The identification method used in this context is based on the continuous mode symbiotic cycle, combining a physical system, a simulation system and an agent-based machine learning system. As an example, a data-driven method to create a human readable model without using presampled data is presented. All components in the system interact in a symbiotic way. The result of each component is used as an input by the others and vice versa.

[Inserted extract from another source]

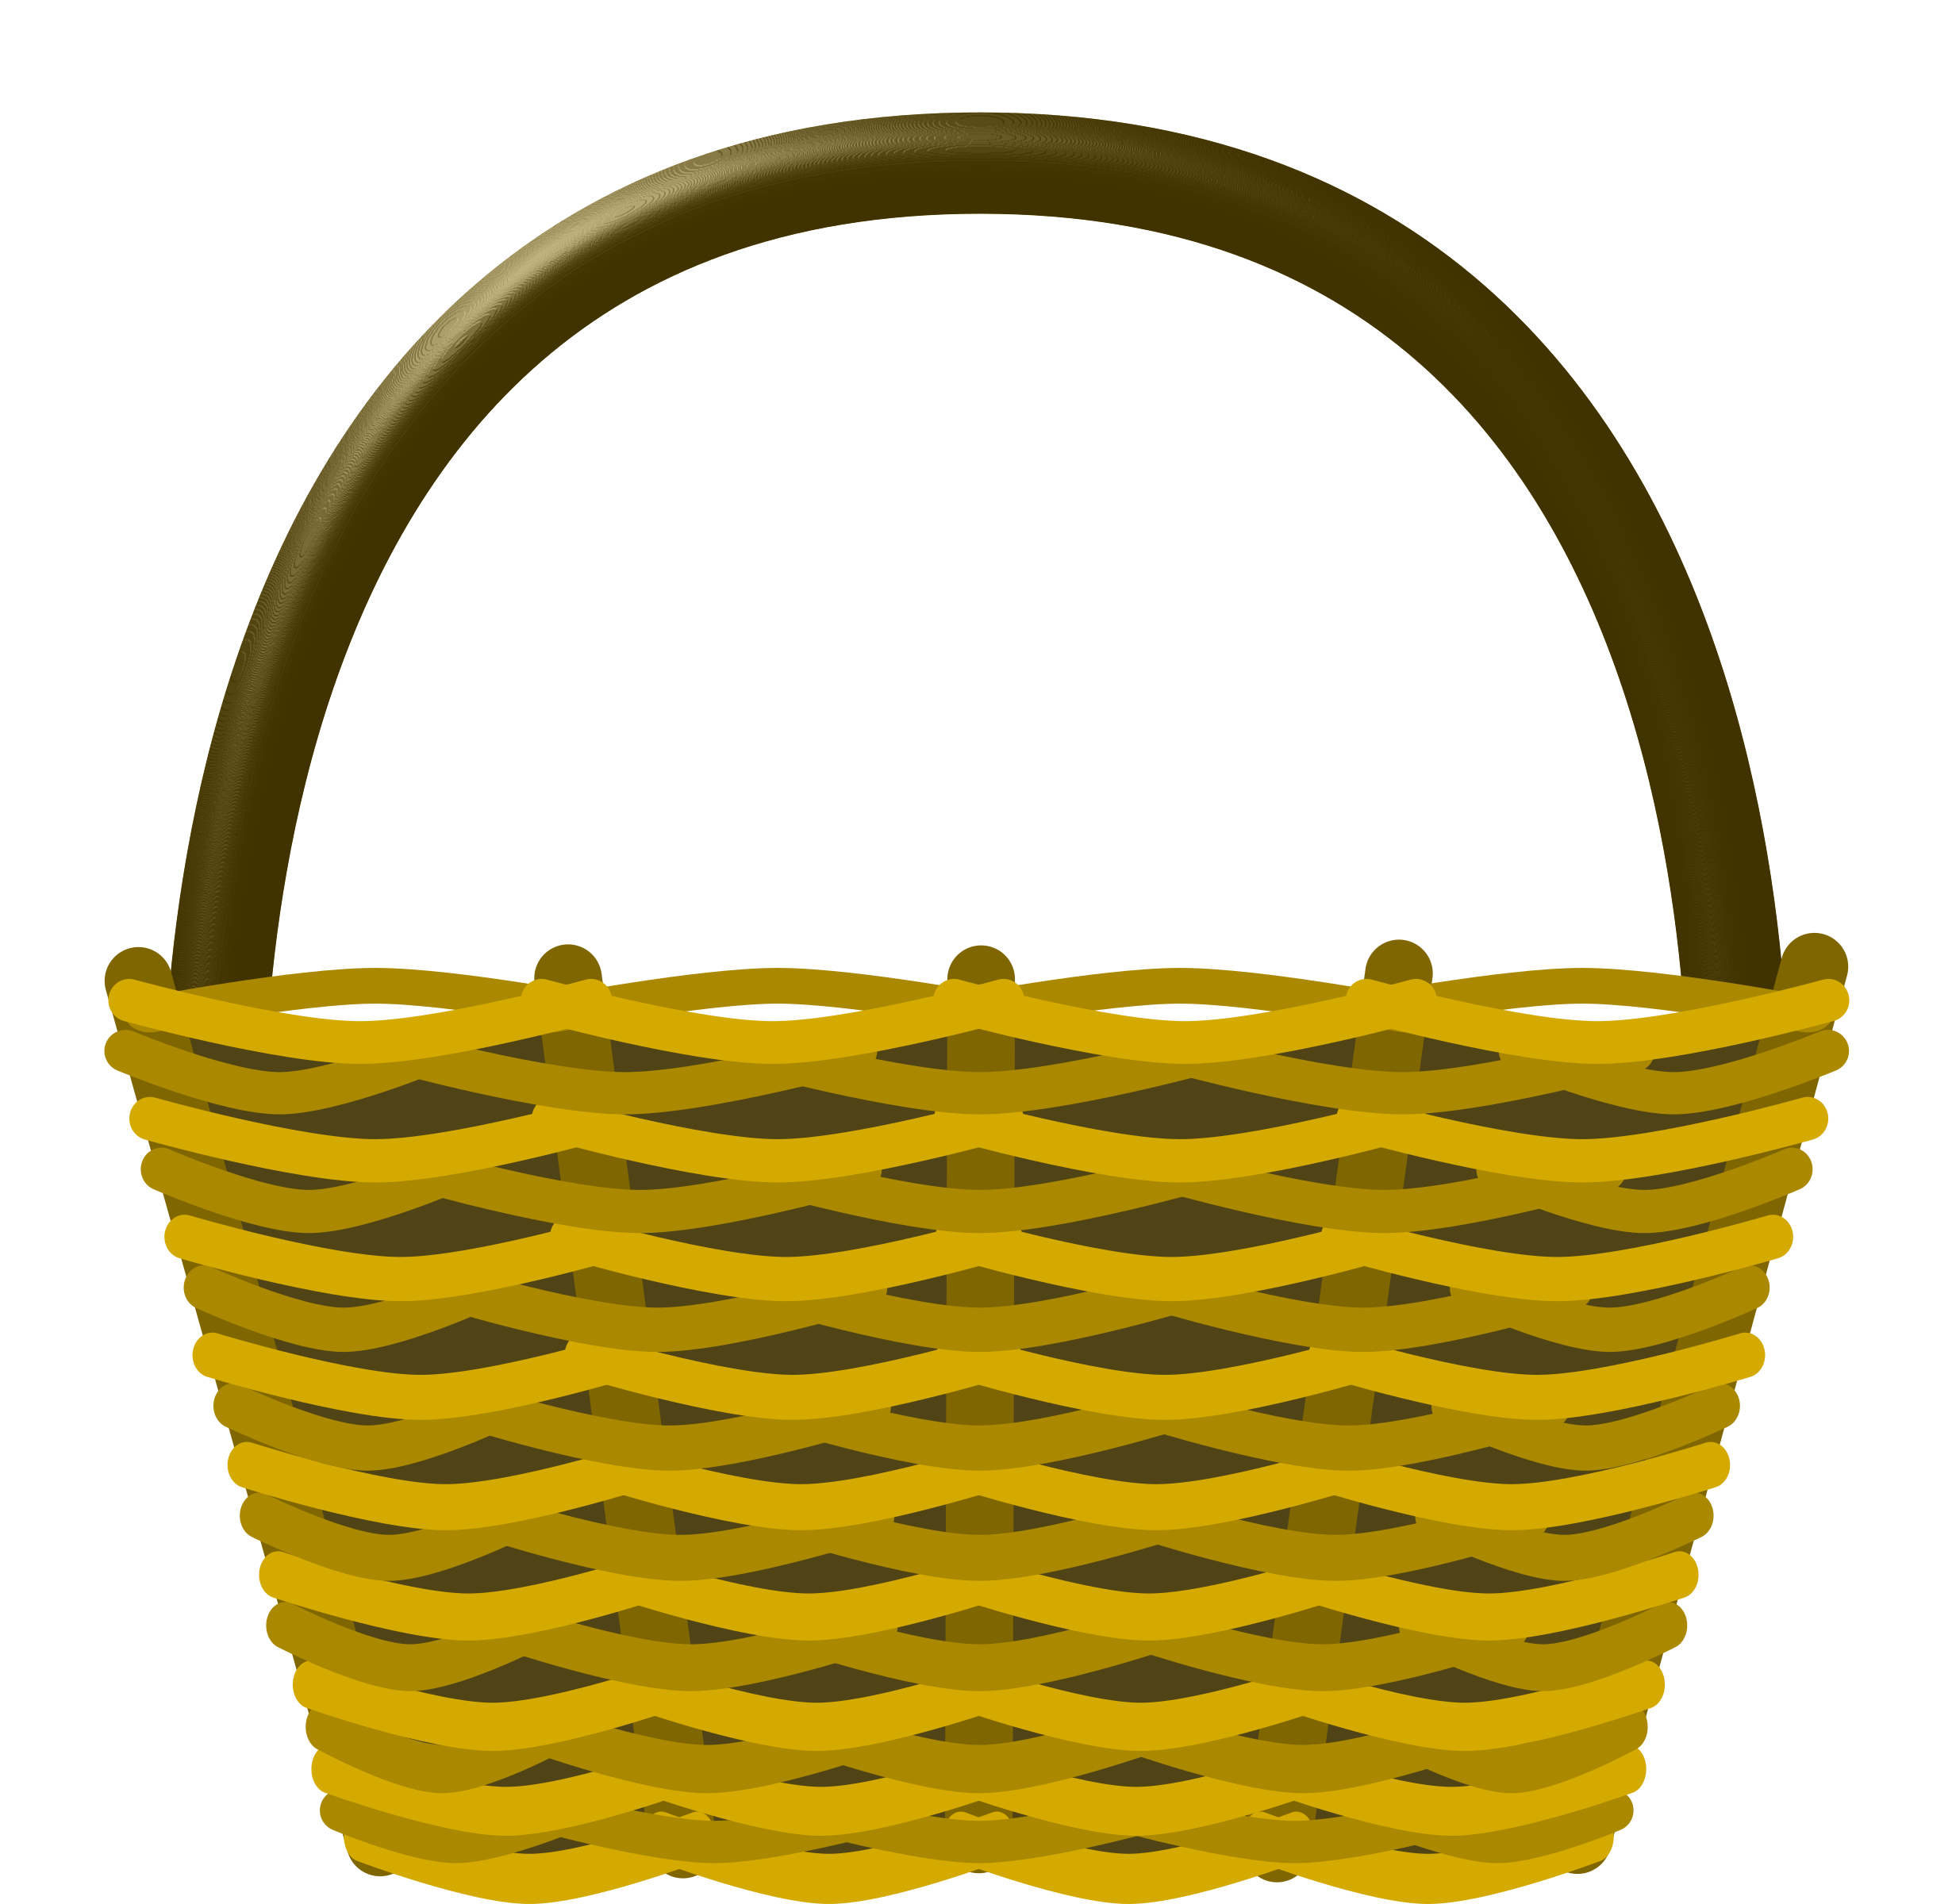 2460x2400 Basket Clip Art Many Interesting Cliparts

First of all, the prototype of biosignal acquisition and identification system using a multistage agent-based solution builder identification method is introduced (Klinger and Klauke, 2013) and then the closed-loop identification method, implemented using a symbiotic continuous system (Aydt, Turner, Cai and Low, 2008; Aydt, Turner, Cai and Low, 2009) is presented. The prototype is acting as the physical target system in the symbiotic cycle, presented subsequently. This paper focuses on the interaction between the identification method, based on a data driven approach and its verification. We present the closed-loop identification method, implemented using a symbiotic continuous system (Aydt, Turner, Cai and Low, 2008; Aydt, Turner, Cai and Low, 2009), consisting of a robotic based trajectory generation, the nerve simulation and an agent-based machine learning system. We introduce the model generation process and show the closed-loop verification approach of the identification method.